Забираясь все дальше в глубь этого мира, Фосетт и Чиверс достигли отдаленного форпоста под названием Риберальта. Там Фосетт заметил судно, причаливавшее к берегу. Один из рабочих крикнул: «Вон скот везут!» — и Фосетт увидел надсмотрщиков с кнутами, выволакивавших три десятка индейских мужчин и женщин, скованных цепью, на берег, где покупатели начинали их осматривать. Фосетт спросил у таможенника, кто это. Рабы, ответил тот.
Потрясенный Фосетт узнал, что, поскольку многие добытчики каучука погибают в джунглях, каучуковые бароны, стремясь восполнить нехватку рабочей силы, направляют вооруженные отряды в лес, чтобы захватывать аборигенов, обращая их в рабство. Так, в одном из районов на перуанской реке Путумайо обращение с индейцами было настолько вопиющим, что британское правительство начало расследование, в ходе которого выяснилось, что виновные преспокойно продавали акции своей компании на лондонской бирже. Были собраны доказательства, подтверждавшие, что Перуанская амазонская компания практически осуществляла геноцид в попытке усмирить и обратить в рабство туземное население: она кастрировала и обезглавливала индейцев, обливала их бензином и поджигала, распинала их, подвесив вниз головой, избивала, калечила, морила голодом, топила, скармливала собакам. Кроме того, приспешники каучуковых баронов насиловали местных женщин и девушек и разбивали головы детям. «В некоторых местах вонь от множества разлагающихся трупов жертв такова, что эти участки приходится на время покидать», — отмечает инженер, посетивший край, который мрачно называли «раем для дьявола». По оценкам сэра Роджера Кейсмента, британского генерального консула, руководившего расследованием, от рук одной только этой каучуковой компании погибло около тридцати тысяч индейцев. Британский дипломат заключал: «Не будет преувеличением сказать, что информация касательно методов, использовавшихся при сборе каучука представителями данной компании, показывает, что эти методы намного чудовищнее любых подобных приемов, о которых сообщалось цивилизованному миру за прошедшее столетие».

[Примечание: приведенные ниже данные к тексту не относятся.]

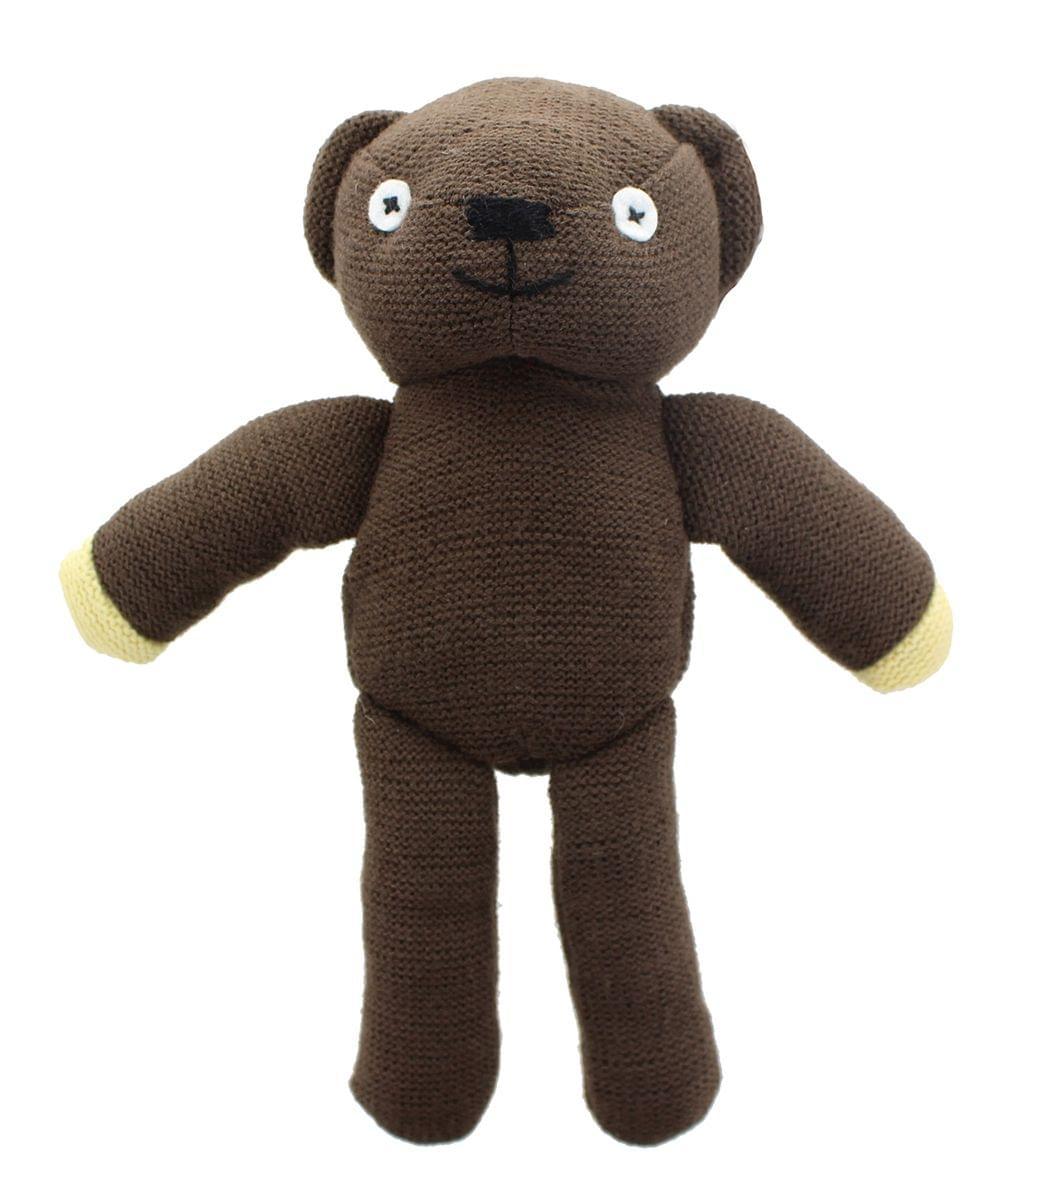 mr bean 10 plush teddy bear 91671962308 ebay. Black Bedroom Furniture Sets. Home Design Ideas
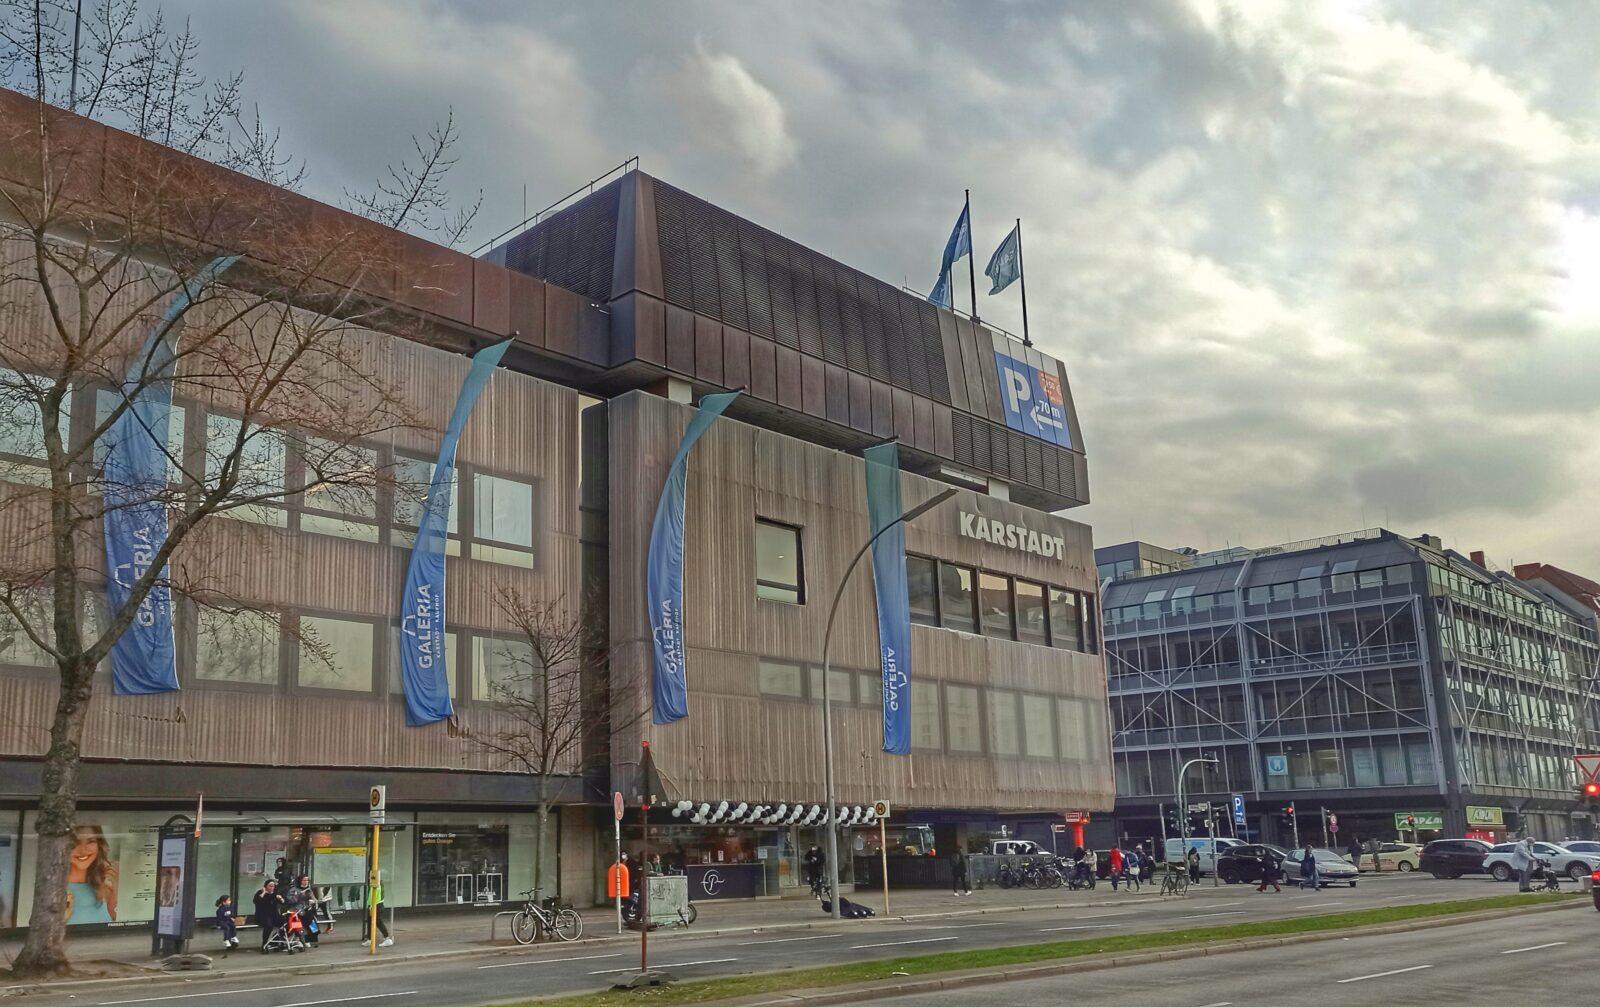 Karstadt Warenhaus

В 1912 году, задолго до того, как доклад Кейсмента стал достоянием общественности, Фосетт рассказывал об этих зверствах в редакционных статьях, публикуемых в британских газетах, и на встречах с правительственными чиновниками. Однажды он назвал работорговцев «дикарями» и «подонками». Более того, он понимал, что каучуковая лихорадка сделала его собственную экспедицию гораздо труднее и опаснее. Даже дружелюбно настроенные племена теперь стали относиться к чужакам враждебно. Фосетту рассказывали об отряде из восьмидесяти человек, в котором «столько человек было убито отравленными стрелами, что остальные прервали путь и ретировались»; других путешественников находили зарытыми по пояс в землю: их живьем оставляли на растерзание огненным муравьям, личинкам и пчелам. В журнале Королевского географического общества Фосетт писал, что «извращенная политика, породившая работорговлю и открыто поощрявшая безжалостное уничтожение индейцев-аборигенов, многие из которых отличаются весьма развитым умом», побудила индейцев к «кровавой мести чужеземцам» и представляет собой одну из «величайших опасностей при изучении Южной Америки».
25 сентября 1906 года Фосетт вышел из Риберальты вместе с Чиверсом и в сопровождении двадцати смельчаков-добровольцев, настоящих «десперадо», и туземных проводников, которых он завербовал на фронтире. Среди них был старатель с Ямайки по фамилии Уиллис, который, несмотря на пристрастие к спиртному, был превосходным поваром и рыболовом («Он мог унюхать пищу и питье, как собака вынюхивает зайца», — шутил Фосетт), а также бывший боливийский офицер, который свободно говорил по-английски и мог служить переводчиком. Фосетт постарался, чтобы все уяснили себе, на что идут. Каждый, кто там, в глубине джунглей, сломает себе руку или ногу либо заболеет, едва ли сумеет выжить. Попытка же вынести оттуда пострадавшего поставит под угрозу благополучие всего отряда; логика джунглей предписывала оставить его — или, как мрачно выражался Фосетт: «У него есть выбор: пилюли опиума, смерть от голода либо пытки — если его найдут дикари».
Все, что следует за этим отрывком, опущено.